** Exercise details **
From the line containing "Gli studenti delle" down to the line containing "Pañales Aiwibi Premium", copy out the entries below exactly, both lines included, and nothing else; pictures do not belong in the copy.

** Records to process follows **

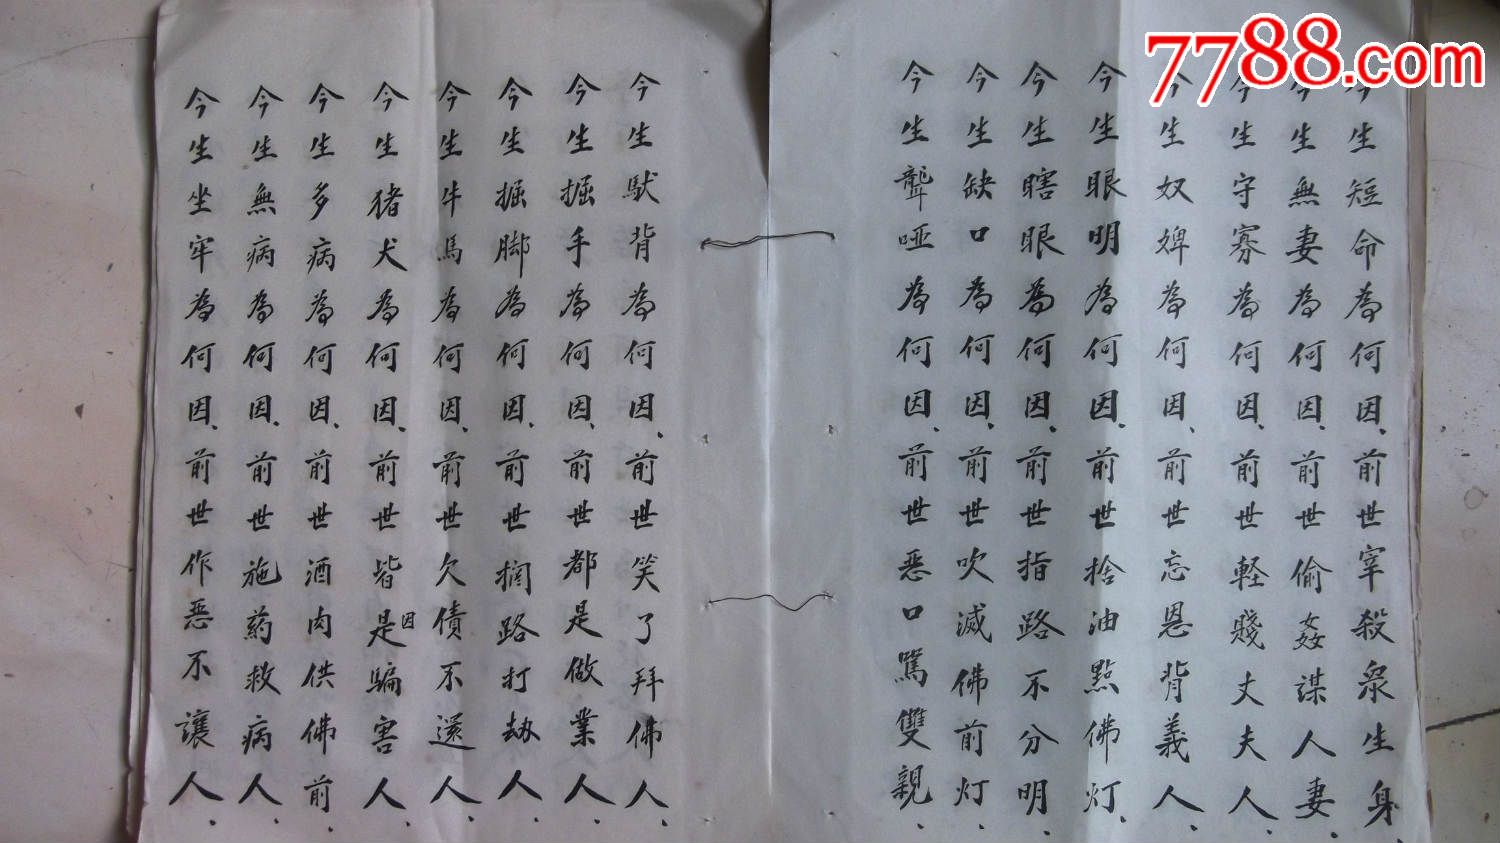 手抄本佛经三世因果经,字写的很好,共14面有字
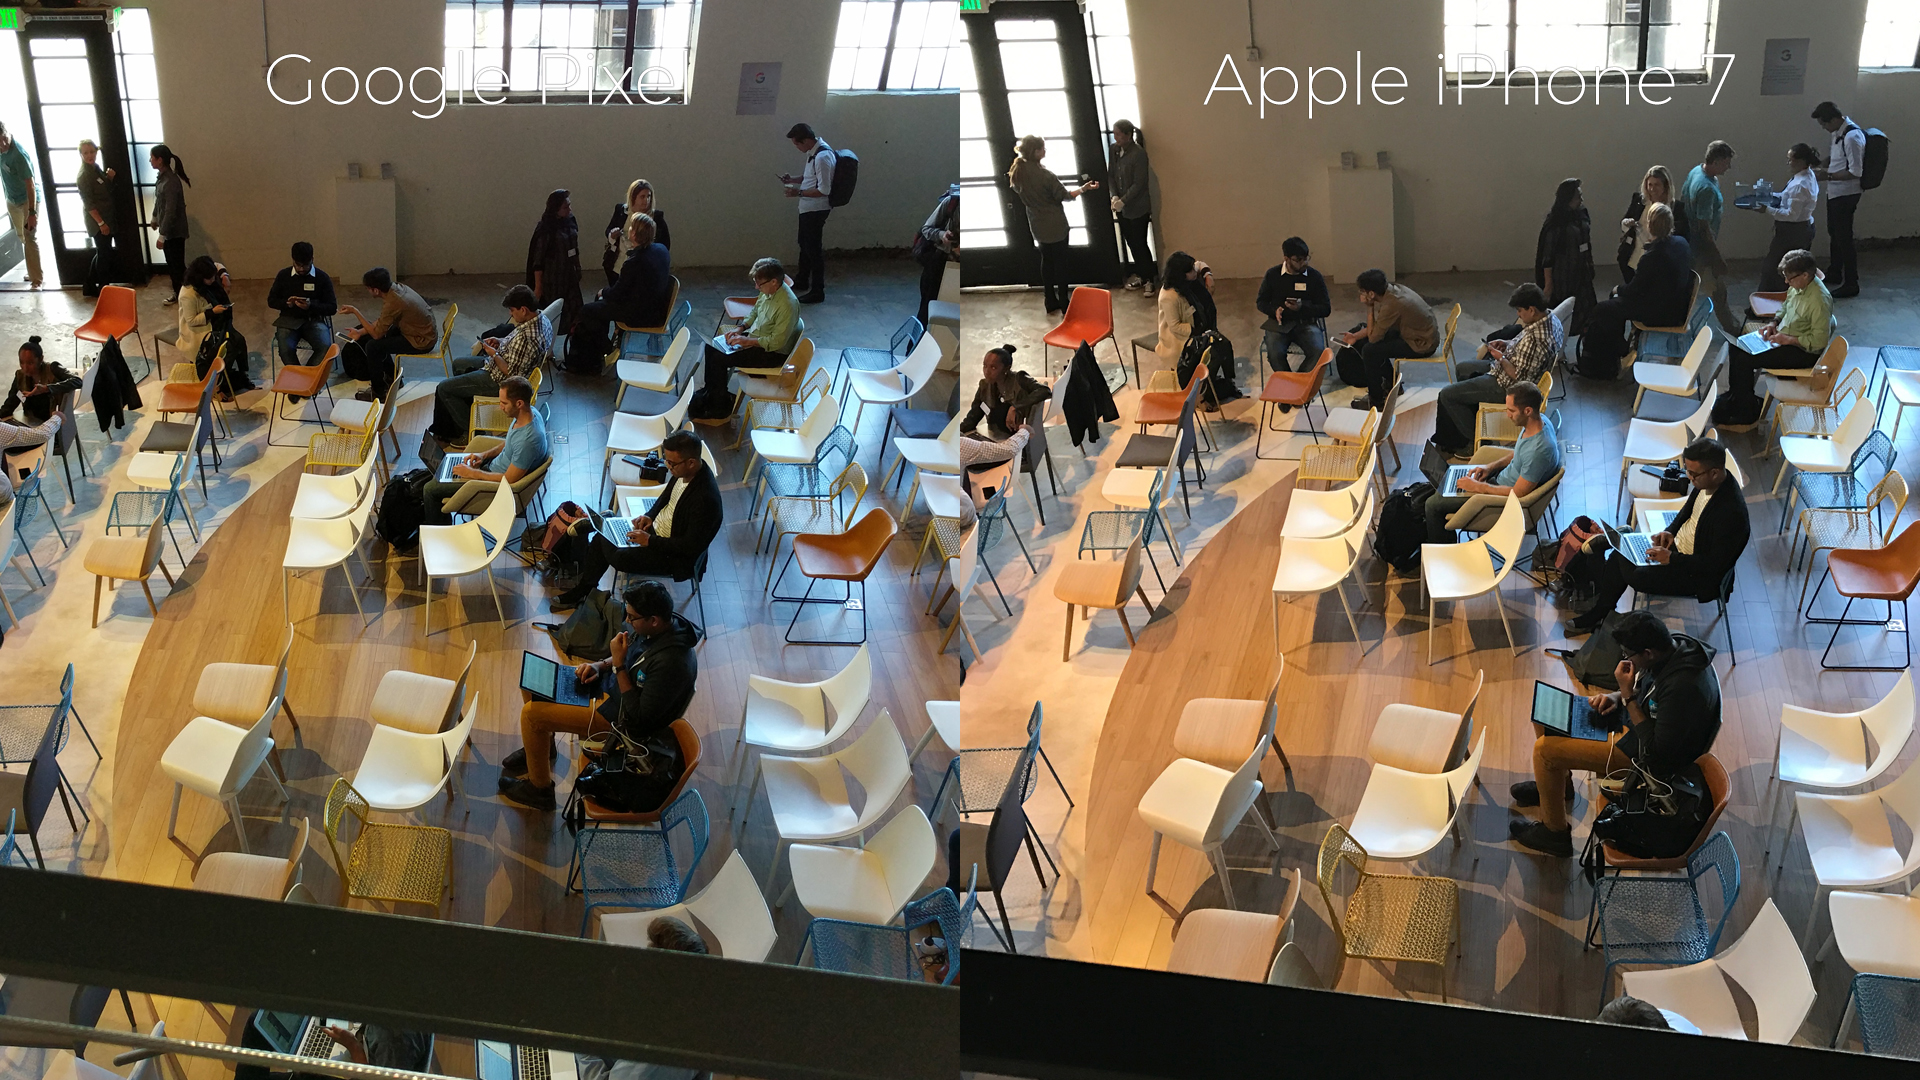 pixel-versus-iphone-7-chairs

** End of Records to process **
** Records to process follows **

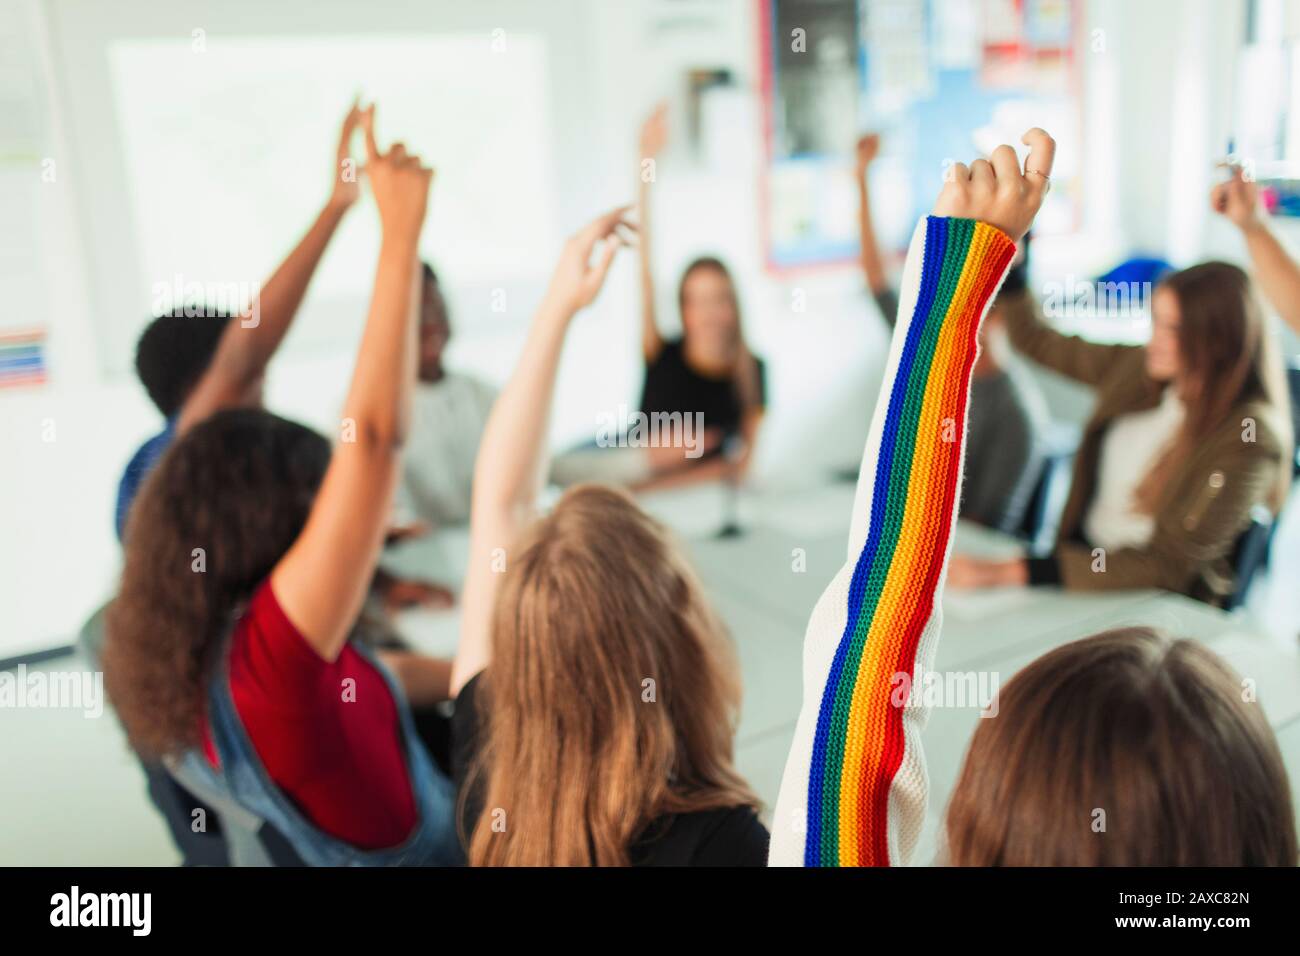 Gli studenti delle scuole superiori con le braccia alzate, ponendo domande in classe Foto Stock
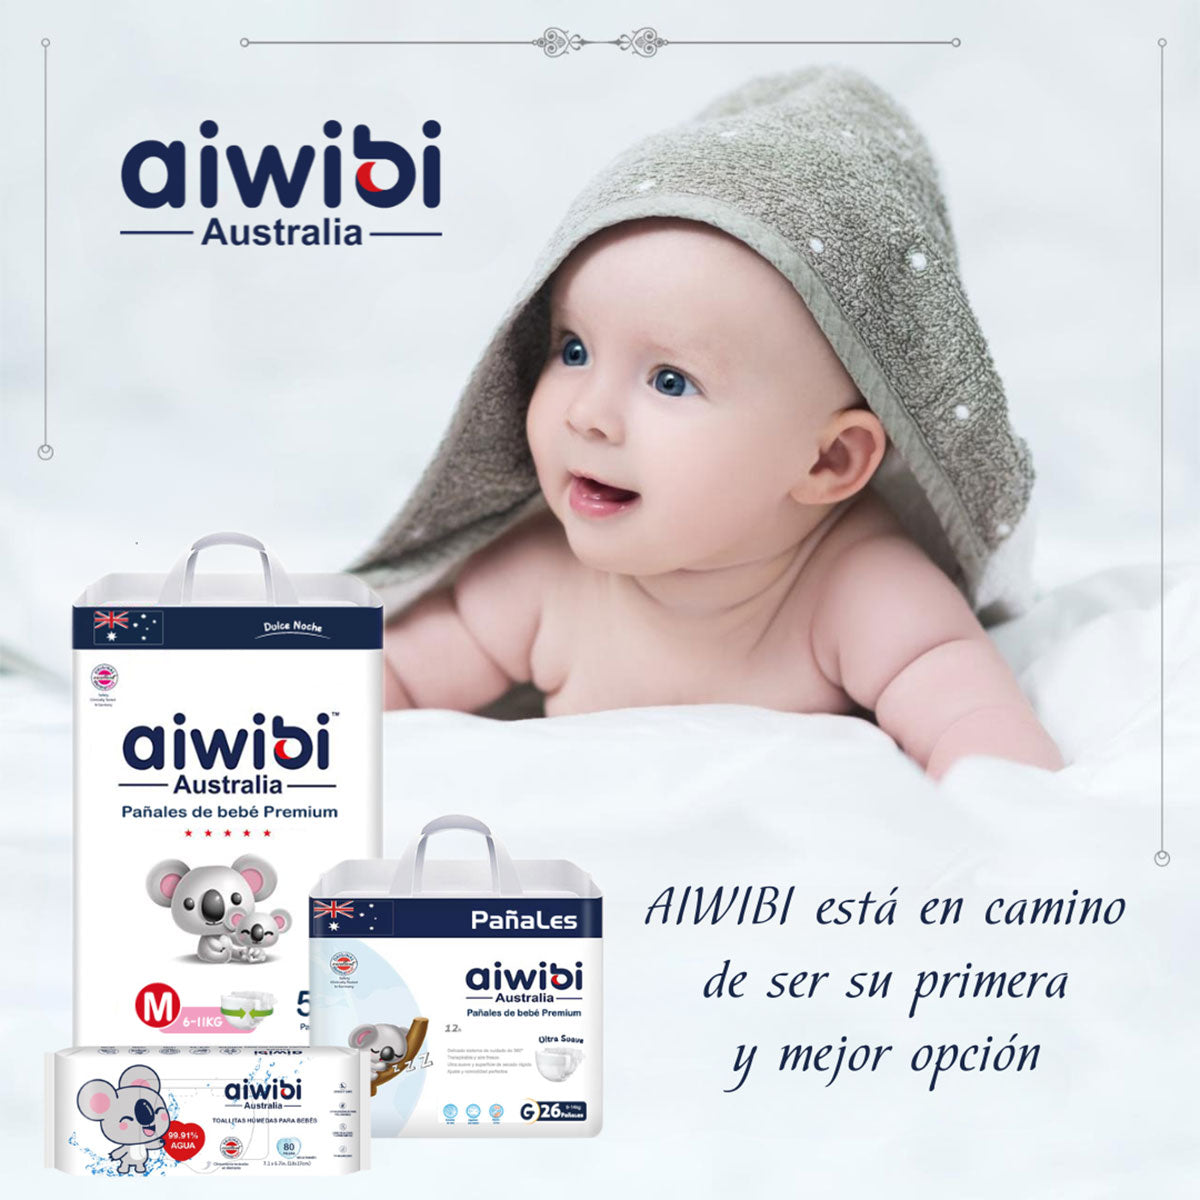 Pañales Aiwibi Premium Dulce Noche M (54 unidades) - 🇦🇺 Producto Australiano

** End of Records to process **
** Records to process follows **

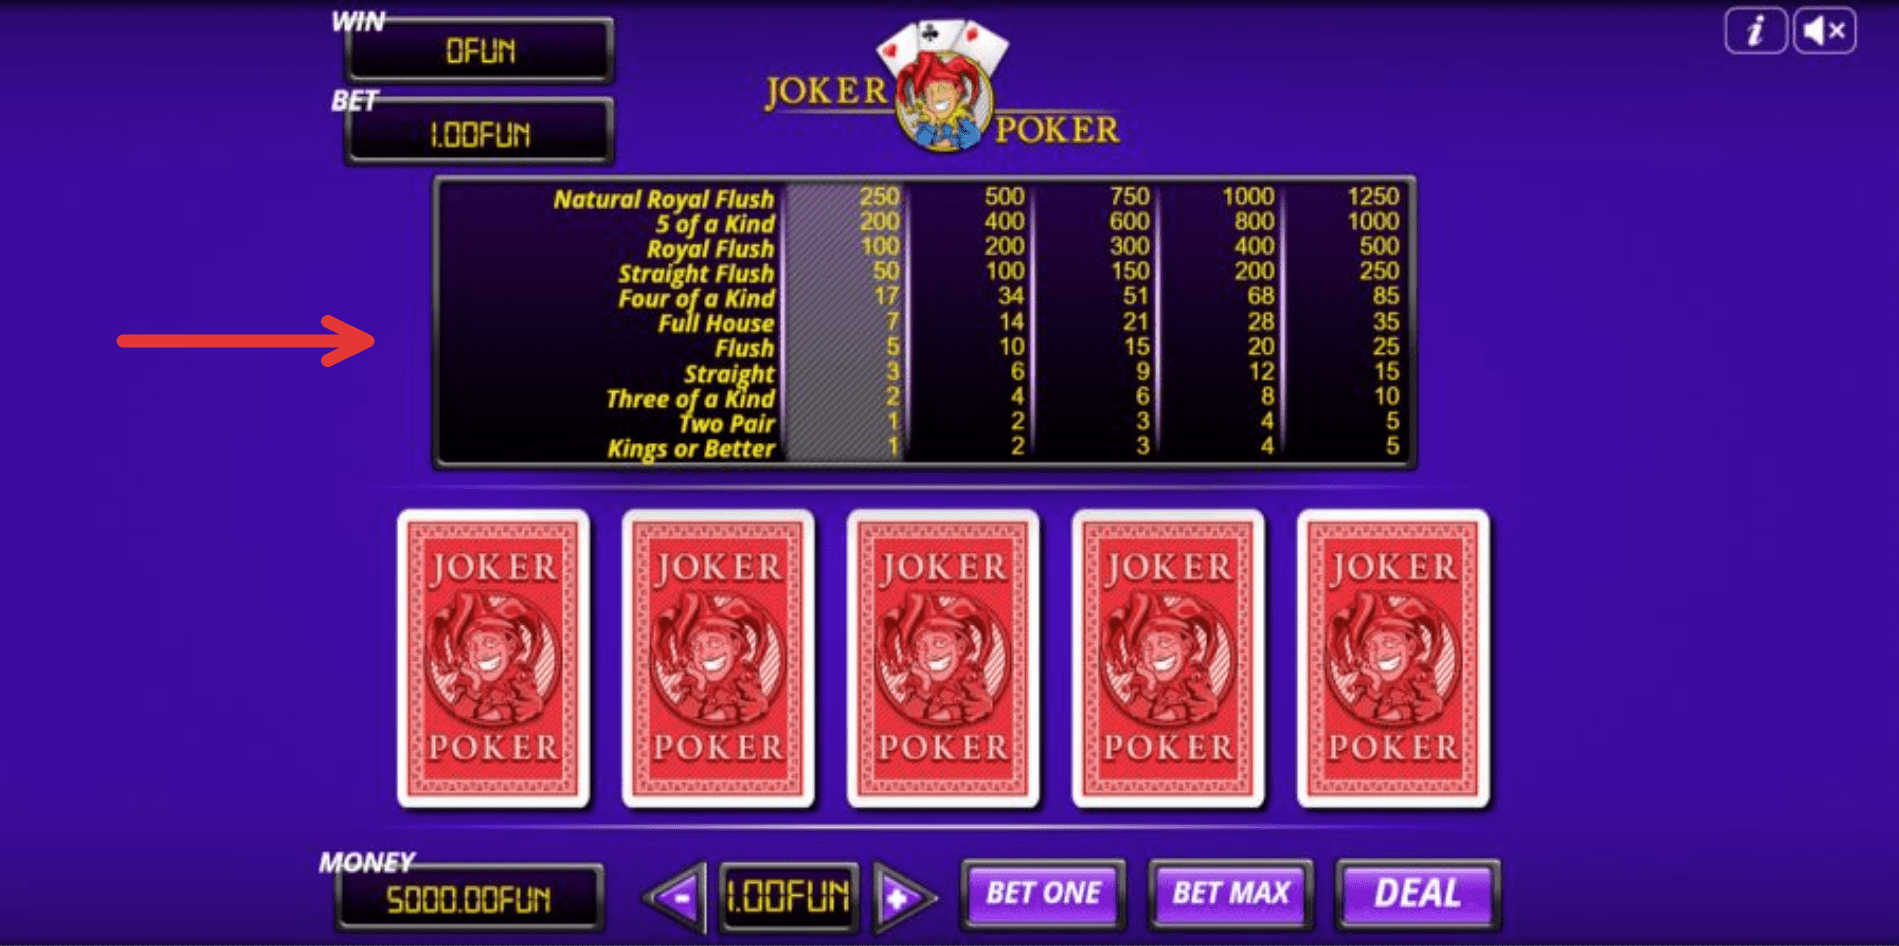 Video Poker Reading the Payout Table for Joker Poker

** End of Records to process **

** The answer **
 Gli studenti delle scuole superiori con le braccia alzate, ponendo domande in classe Foto Stock
 Pañales Aiwibi Premium Dulce Noche M (54 unidades) - 🇦🇺 Producto Australiano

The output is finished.